The Work of Grief

By Therese Rando, Ph.D.

As a griever, you need to appreciate the fact that grief is work. It requires the expenditure of both physical and emotional energy. It is no less strenuous a task than digging a ditch or any other physical labor. The term “grief work” was coined by psychiatrist Erich Lindemann in 1944 to describe the tasks and processes that you must complete successfully in order to resolve your grief. The term shows that grief is something you must work at actively if you are to resolve it in a healthy fashion. It demands much more than merely passively experiencing your reactions to loss: you must actively do things and undertake specific courses of thought and action to integrate and resolve your grief.

However, grief is not commonly perceived as work. You probably are not prepared for the intensity of your emotional reactions and do not fully understand the importance of accepting and expressing them. You probably do not expect to have to work so hard to accommodate yourself to your loved one’s absence or to build a new identity and world for yourself. Grief can deplete you to such an extent that the slightest tasks become monumental, and what previously was easily achievable now may seem insurmountable.
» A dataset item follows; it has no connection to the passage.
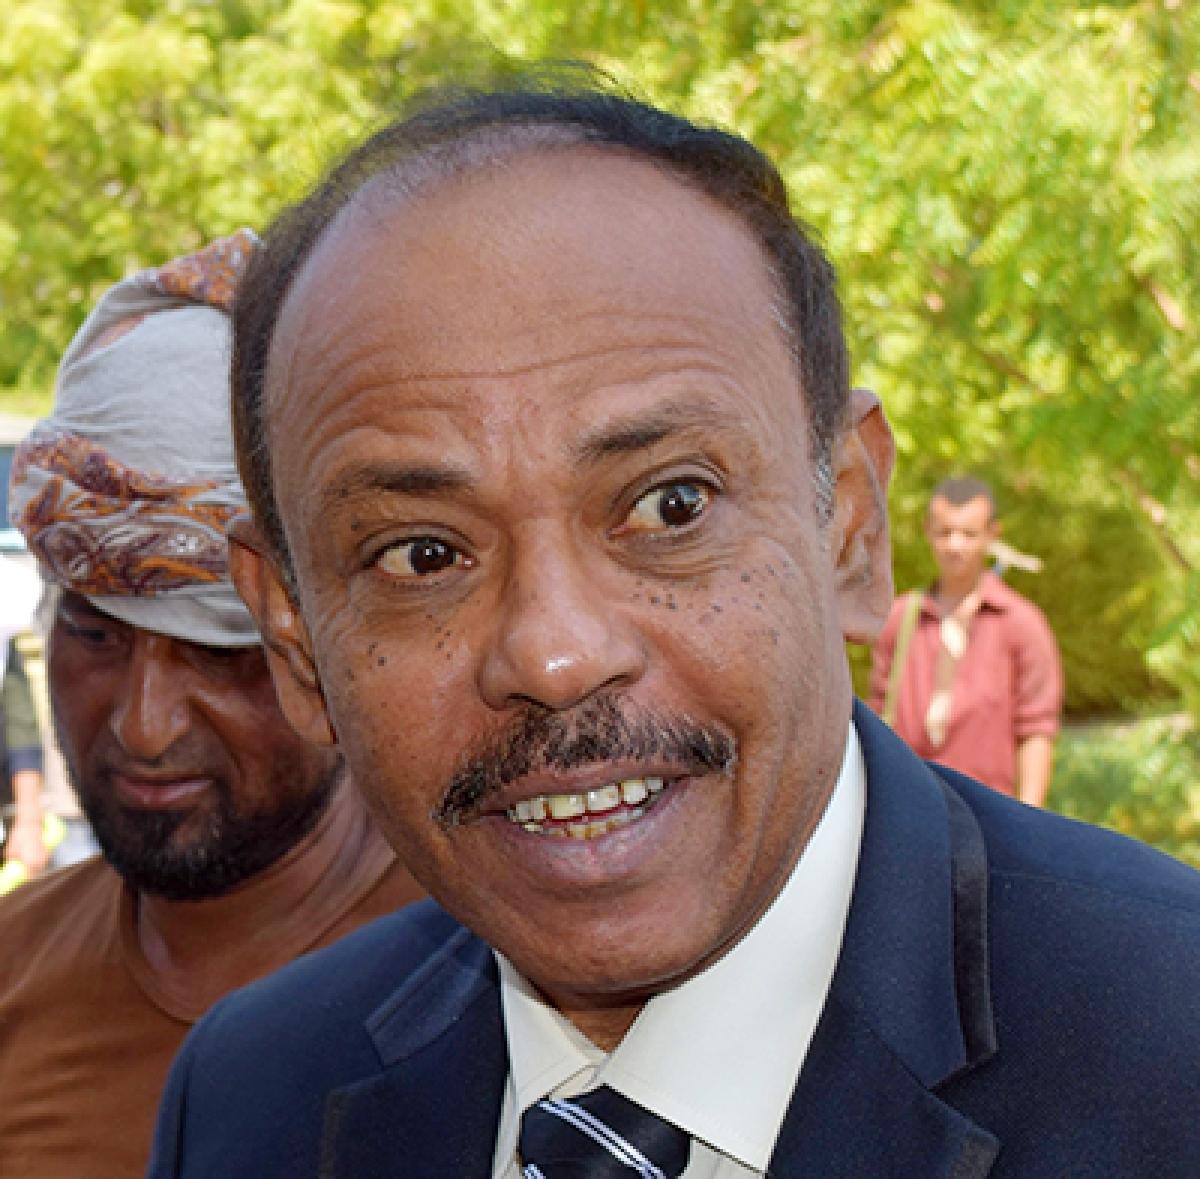 Yemen guv, 6 guards killed in blast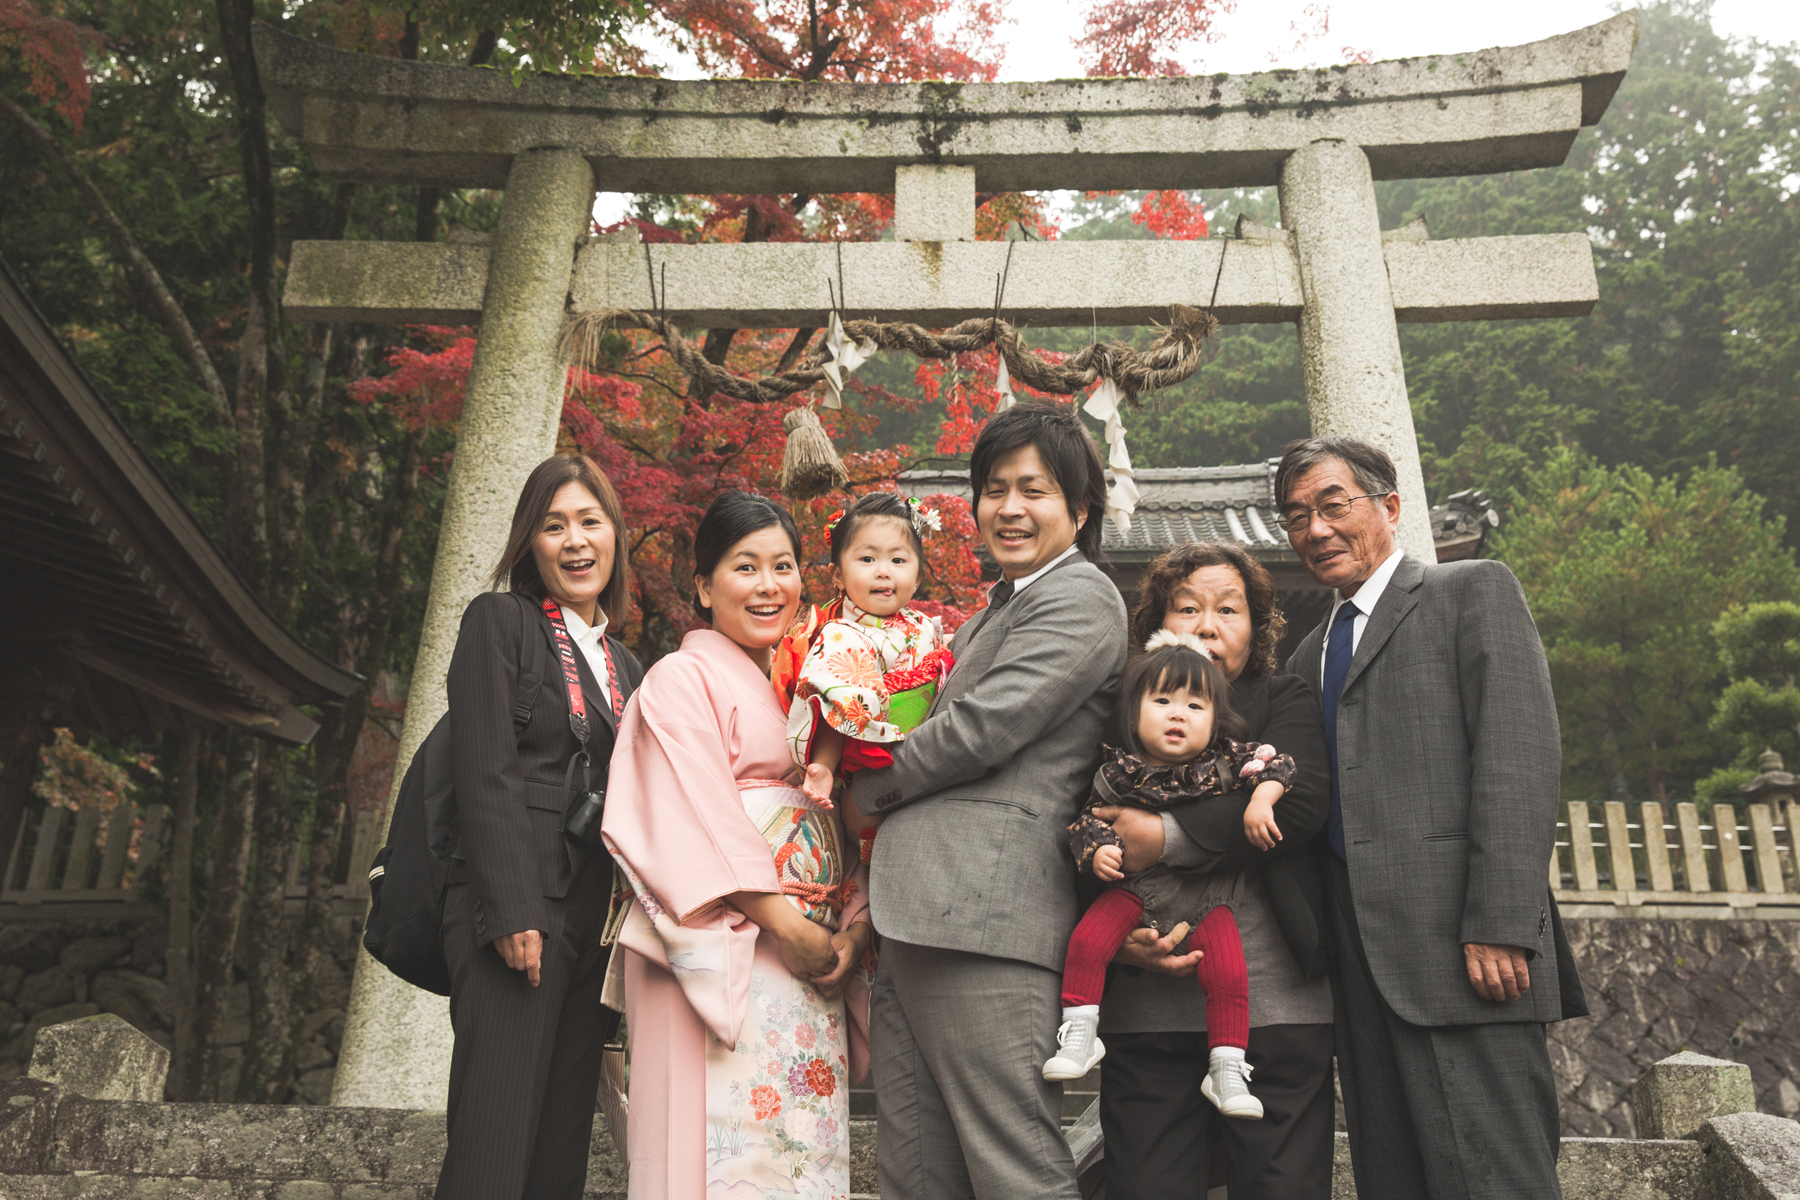 米原市の志賀神社で七五三写真撮影

Since most other people are similarly unaware about grief and how much work it involves, they may not provide you with the social or emotional support you need during your grief. In fact, society’s unrealistic expectations and inappropriate response to your normal grief reactions may make the grief experience much worse than it otherwise would be. For instance, if people did not tell you to “Be brave,” “Put this behind you,” or that “You shouldn’t be feeling that way,” along with other unhealthy suggestions, you probably would have fewer conflicts about expressing your grief. You also would have more realistic expectations about the grief process and in general would have fewer problems in recovering naturally from it. This is why it is so crucial that society be given realistic and appropriate information about grief. It is time that other people become a support to grievers, not a hindrance.

Your work of grieving entails mourning not only the actual person you’ve lost but also the hopes, dreams, wishes, fantasies, unfulfilled expectations, feelings, and needs you had for and with that person These are significant symbolic secondary losses that you must identify and grieve. They include not only what is lost in the present but also what is now lost to the future as well. The widow must grieve not only for the present loss of her beloved husband, but also for the retirement they will not share, their special dreams that will be unfulfilled, his absence at his grandson’s birth, and more. This doesn’t mean you must do this all at once. That would be overwhelming. Instead, you need to do this gradually through the mourning process so you can let go of what is necessary to give up from the past, healthily experience the present, and prepare for the future.

Sometimes the death of a loved one brings up not only grief for what you lost, but also grief for what you never had and now never will have. For example, if you had a very conflicted relationship with your mother, when she dies you may grieve not only for what you have lost, but also for the fact that you never had a better relationship with her, that she never was the kind of mother you wanted her to be, and that now you will never have even the hope that it could change and you could get what you want. In such a case you grieve for the past, present, and future.

Another issue that can complicate your grief work is the fact that major loss always resurrects old issues and unresolved conflicts. The pain, emptiness and sorrow caused by your separation from your loved one frequently reawaken your earliest and most repressed feelings of anxiety and helplessness as a child. The terror and power of these reawakened memories can be overwhelming to any of us. Old conflicts about dependency, ambivalence, parent-child relations, and security, to name but a few, are also stirred by your experience of loss. They, too, can interfere with a successful resolution of grief. Finally, this is a time when your other not-so-old but still unresolved (or perhaps resolved, but nevertheless still sensitive) losses can come back to haunt you. These can make you feel even more deprived, more vulnerable, and more powerless and out of control. It is terribly unfortunate, yet past issues often arise at the precise moment when you are struggling to confront a current loss. They add to the burden of the grief process. Therefore, when you are dealing with the death of a loved one, you frequently are contending not only with the present loss but also with old losses and unfinished emotional business as well.

Tilly’s husband died at age sixty, following a two-year battle with cancer. Tilly was left alone in her home, since her three adult children lived out of state. After the death, Tilly was surprised to find herself not only feeling grief over the death of her husband but also preoccupied with memories and feelings about her adolescence when her beloved father had abandoned the family.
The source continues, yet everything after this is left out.